Segmentation of lung nodules is a crucial step in the radiomics pipeline and plays an important role in the management of patients with suspect LC. Unfortunately, the process is tedious and time-consuming when performed manually, puts a lot of pressure on the personnel and suffers from a number of drawbacks such as subjective evaluation and lack of repeatability. Furthermore, the task is complicated by the great variability of the shape, size, texture and location of the nodules. In this paper we have presented a pipeline for semi-automated segmentation of pulmonary nodules which requires very little intervention from the user. The proposed solution can be wired with conventional, hand-designed image descriptors as well as deep learning methods. The main objective of this work was to comparatively evaluate the effectiveness of these two classes. To this end we considered 12 conventional segmentation methods and as many deep learning architectures. The main outcome was the clear superiority of the deep learning methods over the hand-designed ones. Although this was not unexpected—actually the recent literature already points in that direction (39,41,43)—it was certainly remarkable that state-of-the-art performance could be achieved via standard deep learning architectures and by training them on a relatively small amount of data.

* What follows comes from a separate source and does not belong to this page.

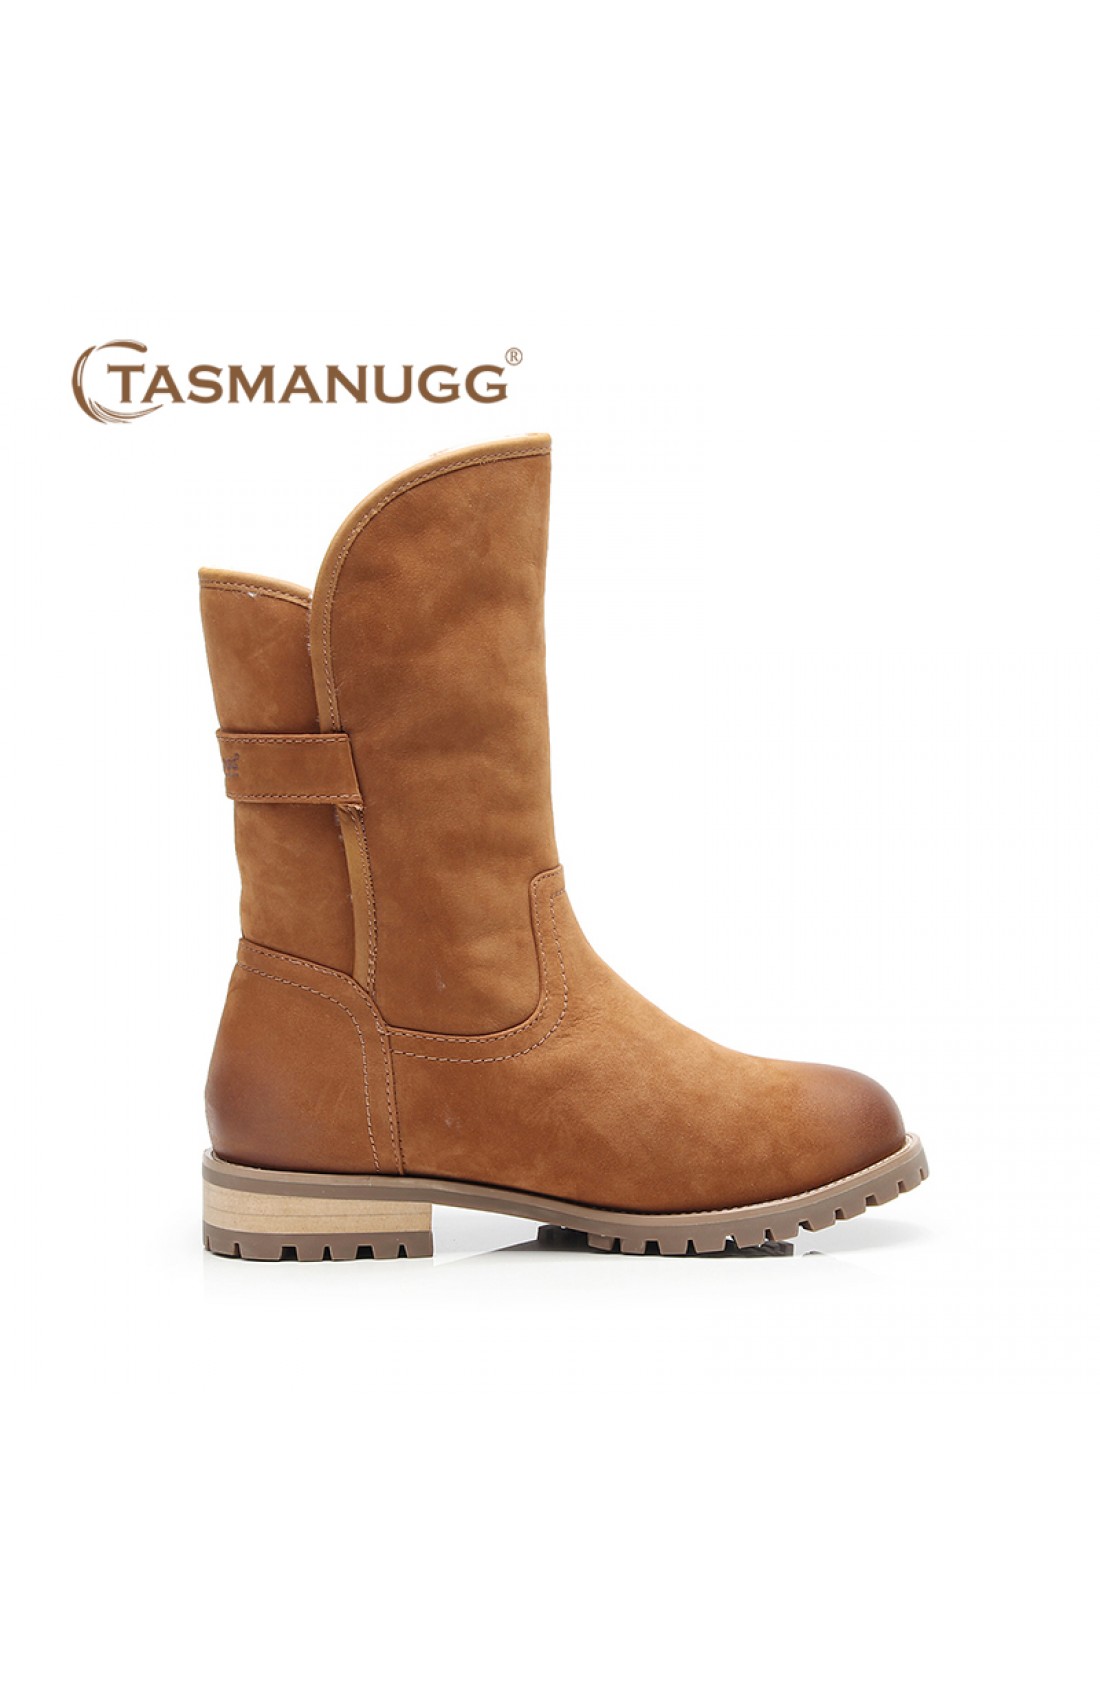 tasman ugg boots

Although the results found here are interesting and promising, the present work is not exempt from limitations. Among them are the relatively small sample size and the fact that our datasets was mostly composed of solid nodules. The results should therefore validated in future larger studies featuring also sub-solid and ground-glass nodules. Although the superiority of deep learning was clear in this work, it seems reasonable to speculate that at least some of the knowledge developed during the hand-crafted era could be conveniently carried over to the new age. One interesting direction for future studies could therefore be the integration of deep learning with conventional methods for the segmentation of lung nodules. The discussion on the segmentation accuracy as a function of nodule location was based on visual (qualitative) evaluation of the results: a quantitative analysis could be another interesting subject for future studies.

Acknowledgments

Figures 5-7,9 were generated using Tableau Desktop, Professional Edition. The authors wish to thank Tableau Software LLC, CA, USA, for providing a free license of the tool for research purposes.

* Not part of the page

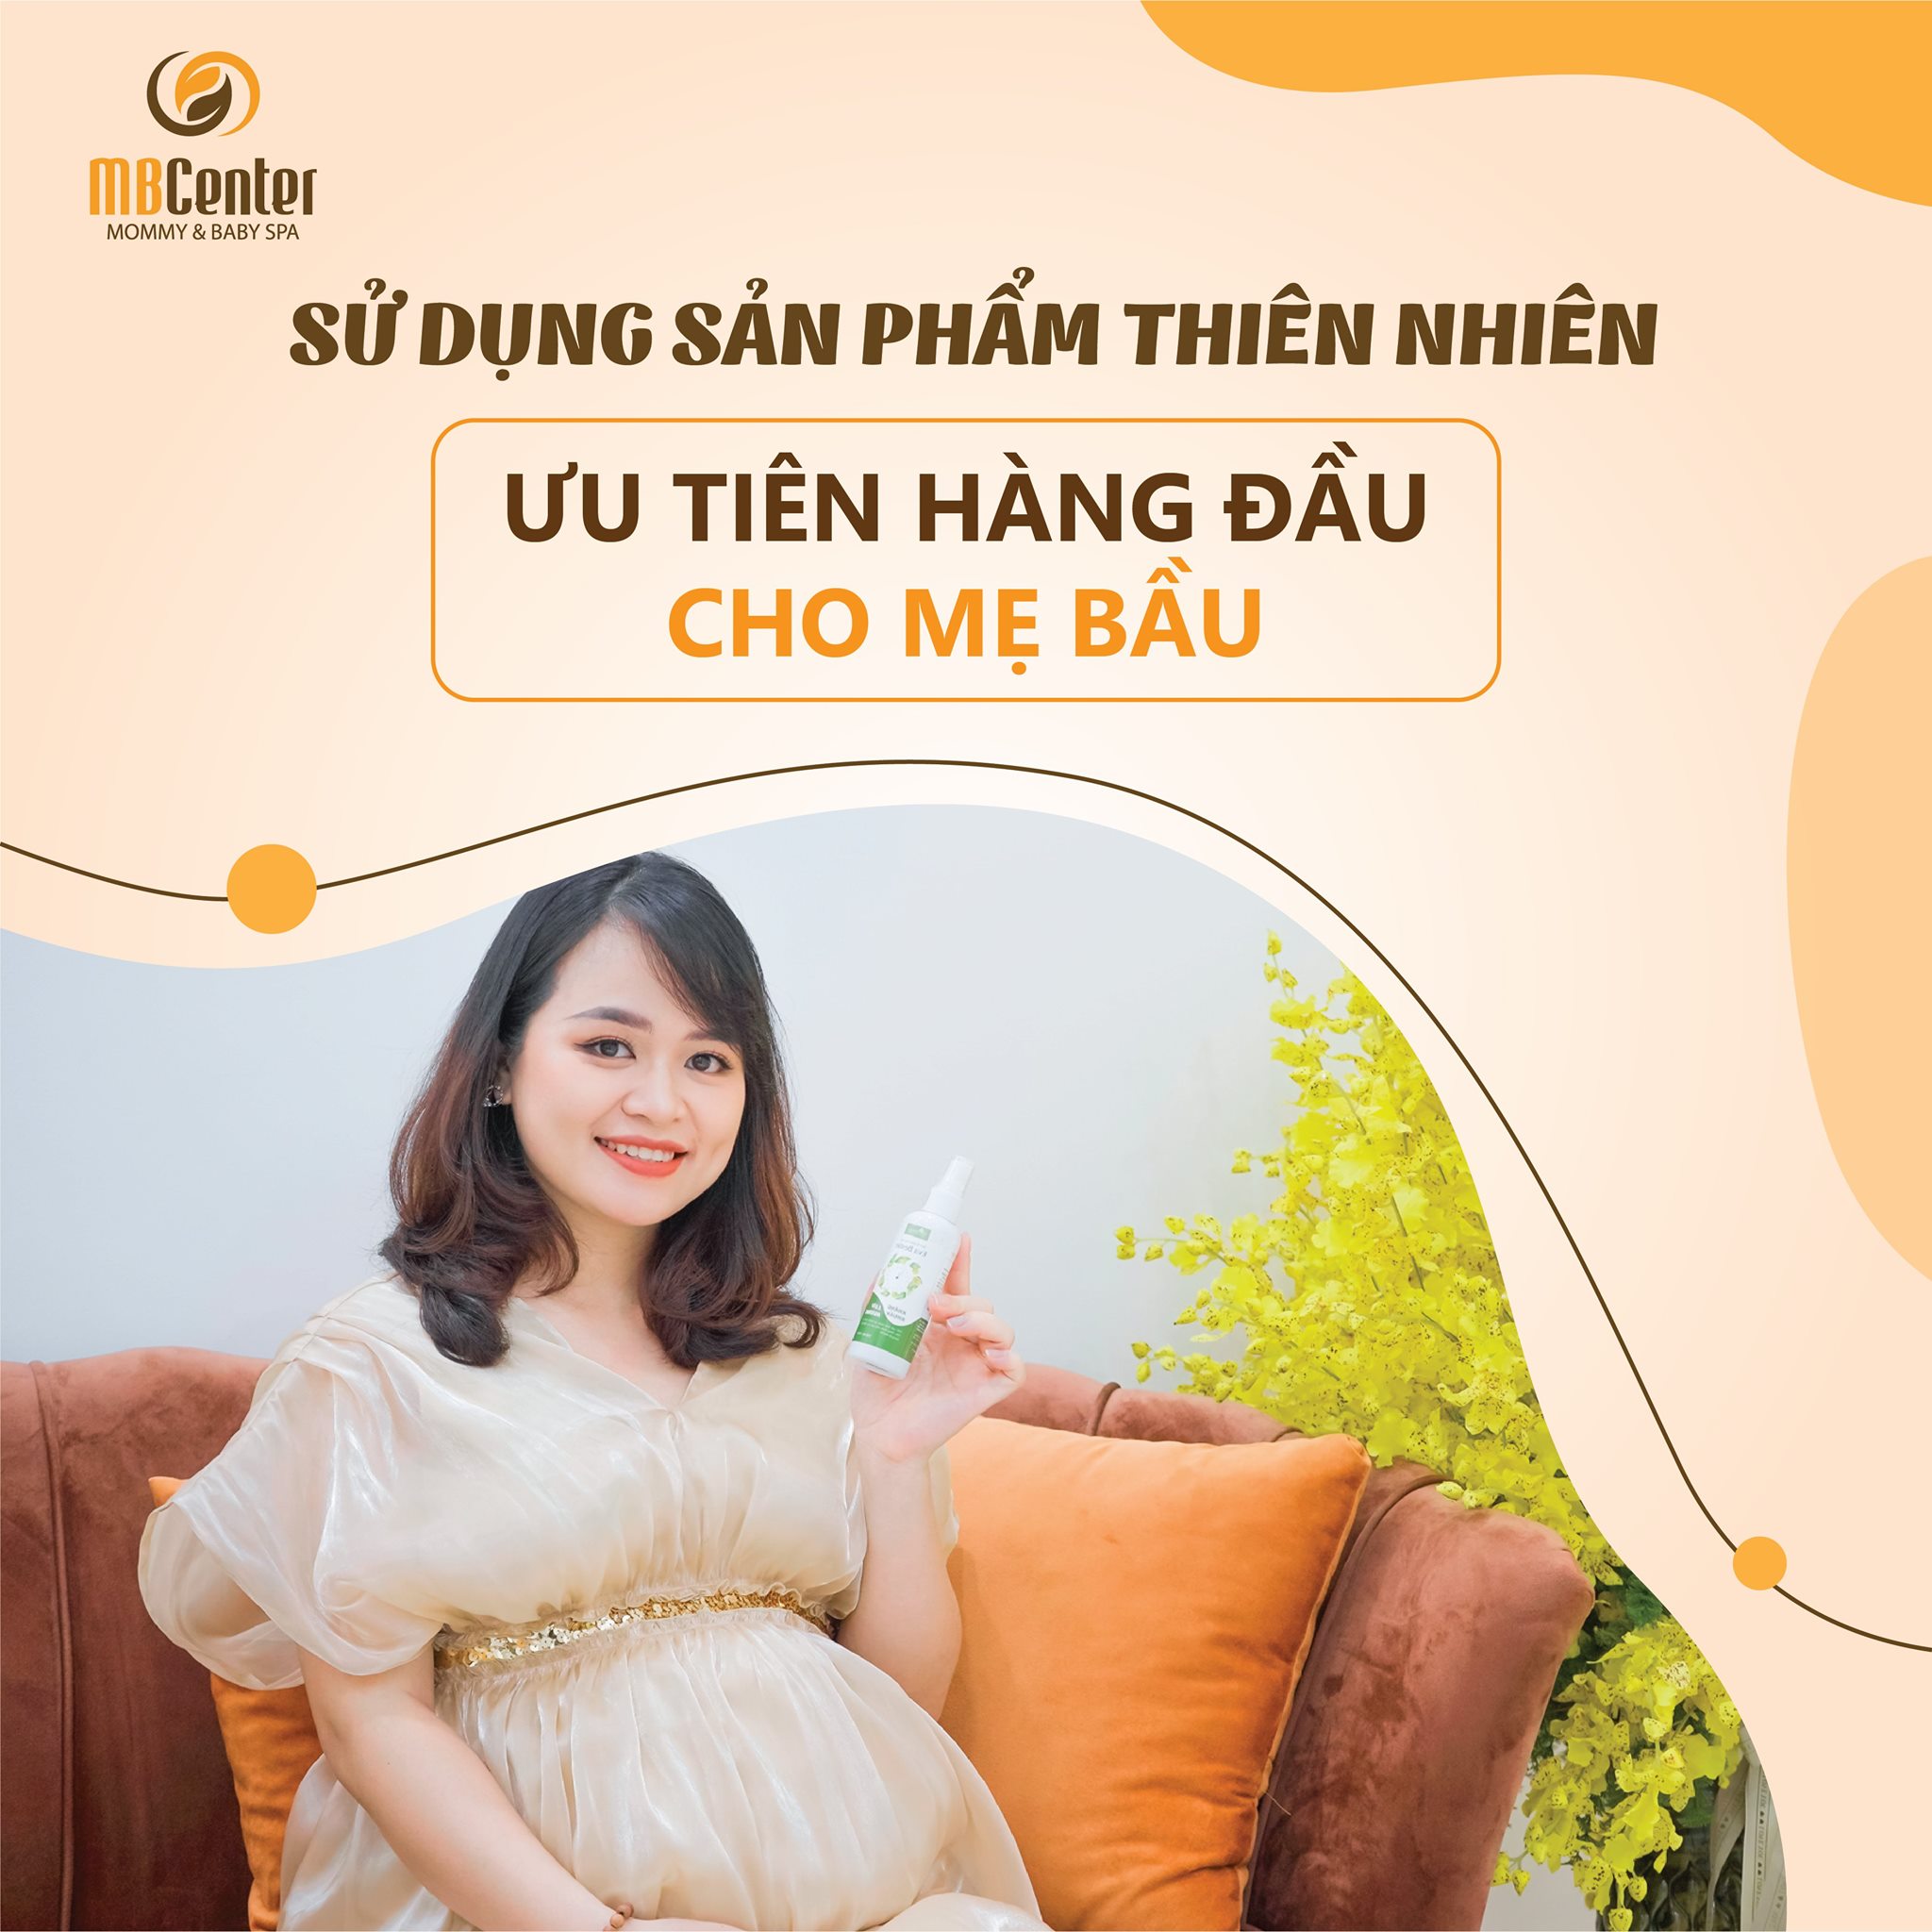 Top 7 Dịch vụ chăm sóc mẹ và bé uy tín, chất lượng nhất tại Hà Nội -  MB Center Spa

Funding: This work was partially supported by the Università degli Studi di Sassari, Italy, within the framework ‘Fondo di Ateneo per la Ricerca 2020’ and by the Department of Engineering, Università degli Studi di Perugia, Italy, through the project ‘Shape, colour and texture features for the analysis of two- and three-dimensional images: methods and applications’ (Fundamental Research Grants Scheme 2019).

Footnote

Conflicts of Interest: All authors have completed the ICMJE uniform disclosure form (available at http://dx.doi.org/10.21037/qims-20-1356). The authors have no conflicts of interest to declare.

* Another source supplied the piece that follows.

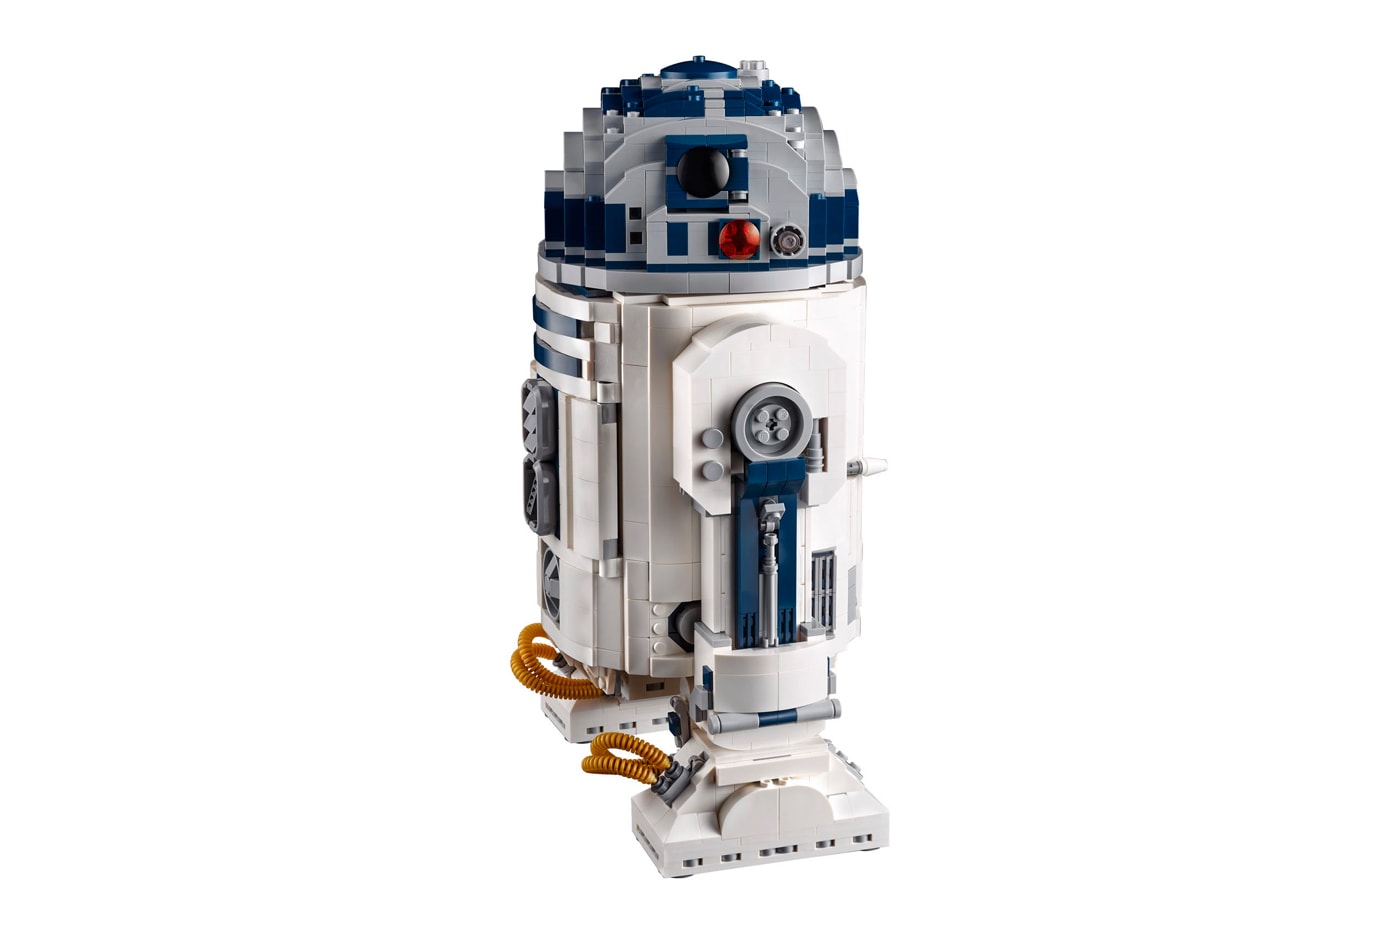 レゴからルーカスフィルム創立50周年を記念した R2-D2 の限定セットが登場 Star Wars LEGO R2 D2 Droid Figure lucasfilms george lucas 50th anniversary 2021 re issue model toy toy manufacturer info 75308

Ethical Statement: The study was conducted in accordance with the Declaration of Helsinki (as revised in 2013) and its later amendments or ethical standards. Ethical approval was not required as this was a retrospective study involving data analysis in anonymous form. For the same reasons, the requirement to obtain informed consent was waived. All patient data were treated following the local privacy regulations.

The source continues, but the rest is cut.